Incorrect lon values start at 0.3515625 like:

lon = 0.3515625, 1.0546875, 1.7578125, 2.4609375, 3.1640625, 3.8671875, 

while correct lon values start at 0 like:

lon = 0, 0.703125, 1.40625, 2.109375, 2.8125, 3.515625, 4.21875, 4.921875, 

The longitude boundaries values

Incorrect lon_bnds values start at 0, 0.703125 like:

 lon_bnds =
  0, 0.703125,
  0.703125, 1.40625,
  1.40625, 2.109375,
  2.109375, 2.8125,
  2.8125, 3.515625,
  3.515625, 4.21875,
  4.21875, 4.921875,
  4.921875, 5.625,
  5.625, 6.328125,

while correct lon_bnds values start at -0.3515625, 0.3515625 like:

 lon_bnds =
  -0.3515625, 0.3515625,
  0.3515625, 1.0546875,
  1.0546875, 1.7578125,
  1.7578125, 2.4609375,
  2.4609375, 3.1640625,
  3.1640625, 3.8671875,
  3.8671875, 4.5703125,
  4.5703125, 5.2734375,
  5.2734375, 5.9765625,
  5.9765625, 6.6796875,

Comparing the pre & post fixed file

Because the error and the fix are in the coordinate values itself, diffing the files well is slightly complicated.

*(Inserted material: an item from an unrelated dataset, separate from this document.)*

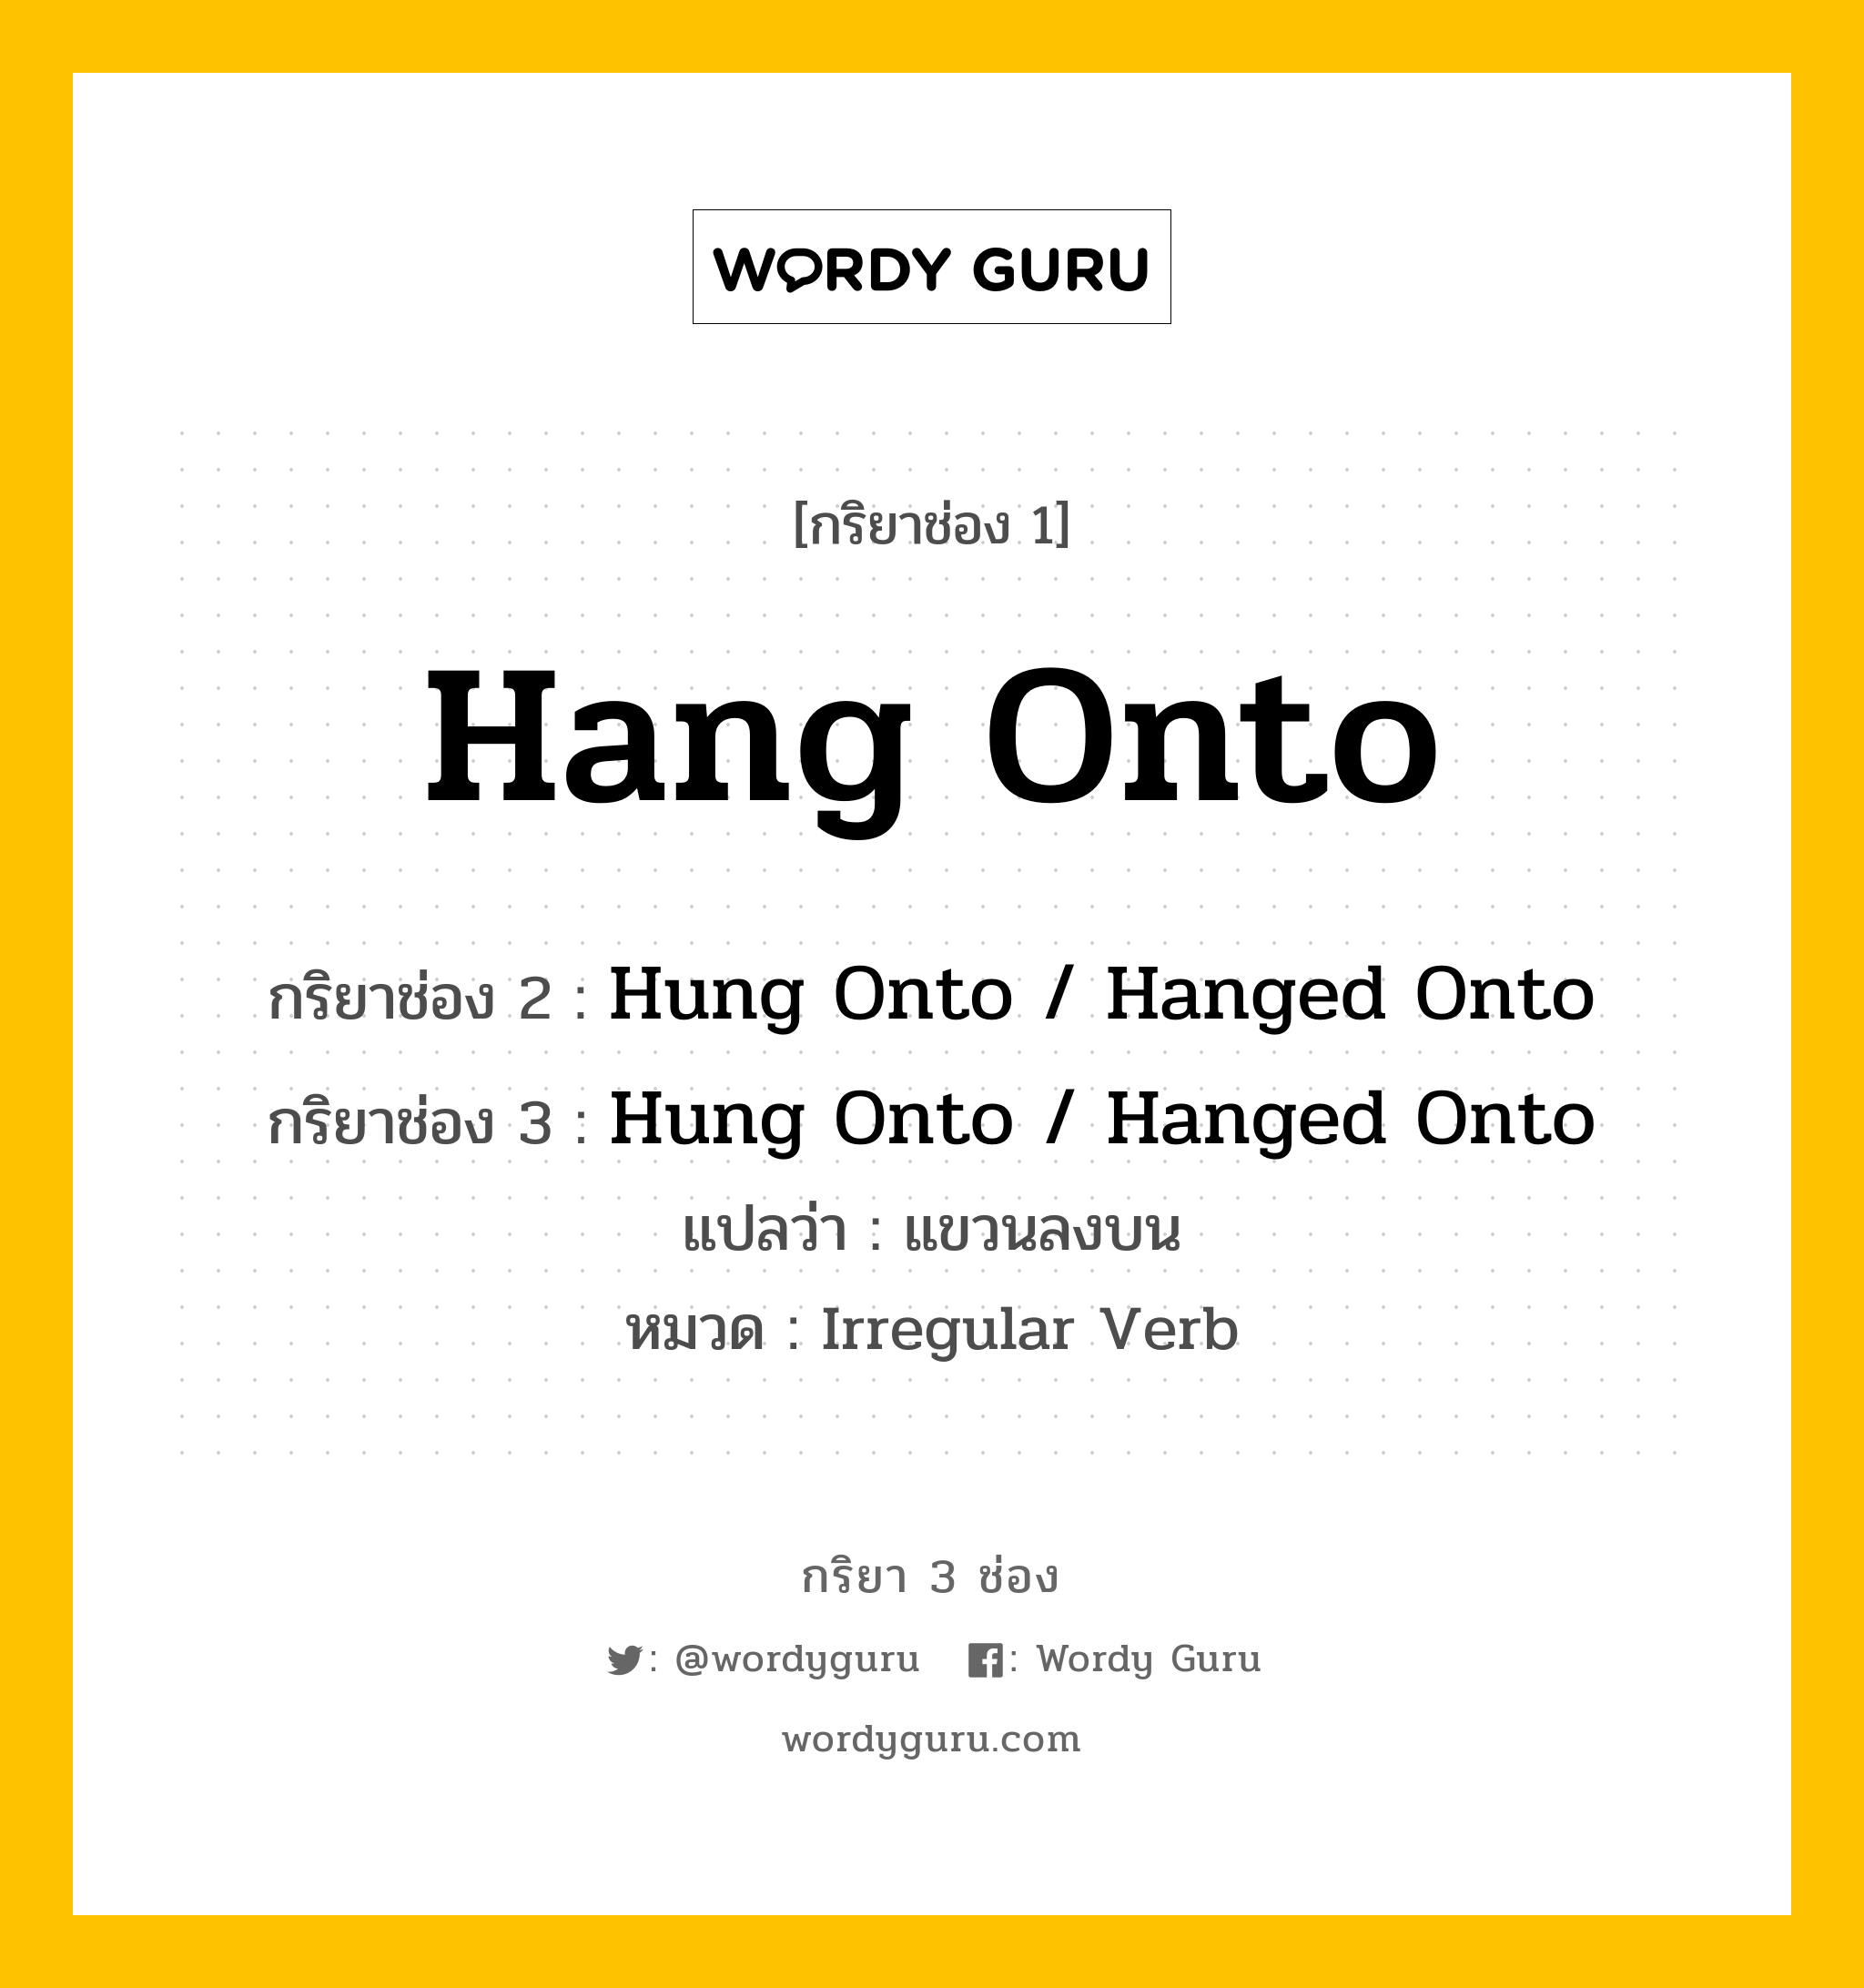 กริยา 3 ช่อง ของ Hang Onto คืออะไร? มาดูคำอ่าน คำแปลกันเลย, กริยาช่อง 1 Hang Onto กริยาช่อง 2 Hung Onto / Hanged Onto กริยาช่อง 3 Hung Onto / Hanged Onto แปลว่า แขวนลงบน หมวด Irregular Verb หมวด Irregular Verb

The best way to inspect the changes in a file after fixing is to make a ncdump of the file before fixing and a ncdump of the file after fixing and thereafter use meld to compare them (it takes a while before meld manages to load). You will then see that the lon and/or lon_bnds values are shifted half a gird cell westwards (lower), that the tracking_idis changed and that a message is added to the netcdf history attribute telling that @cmor-fixer@ has modified the file.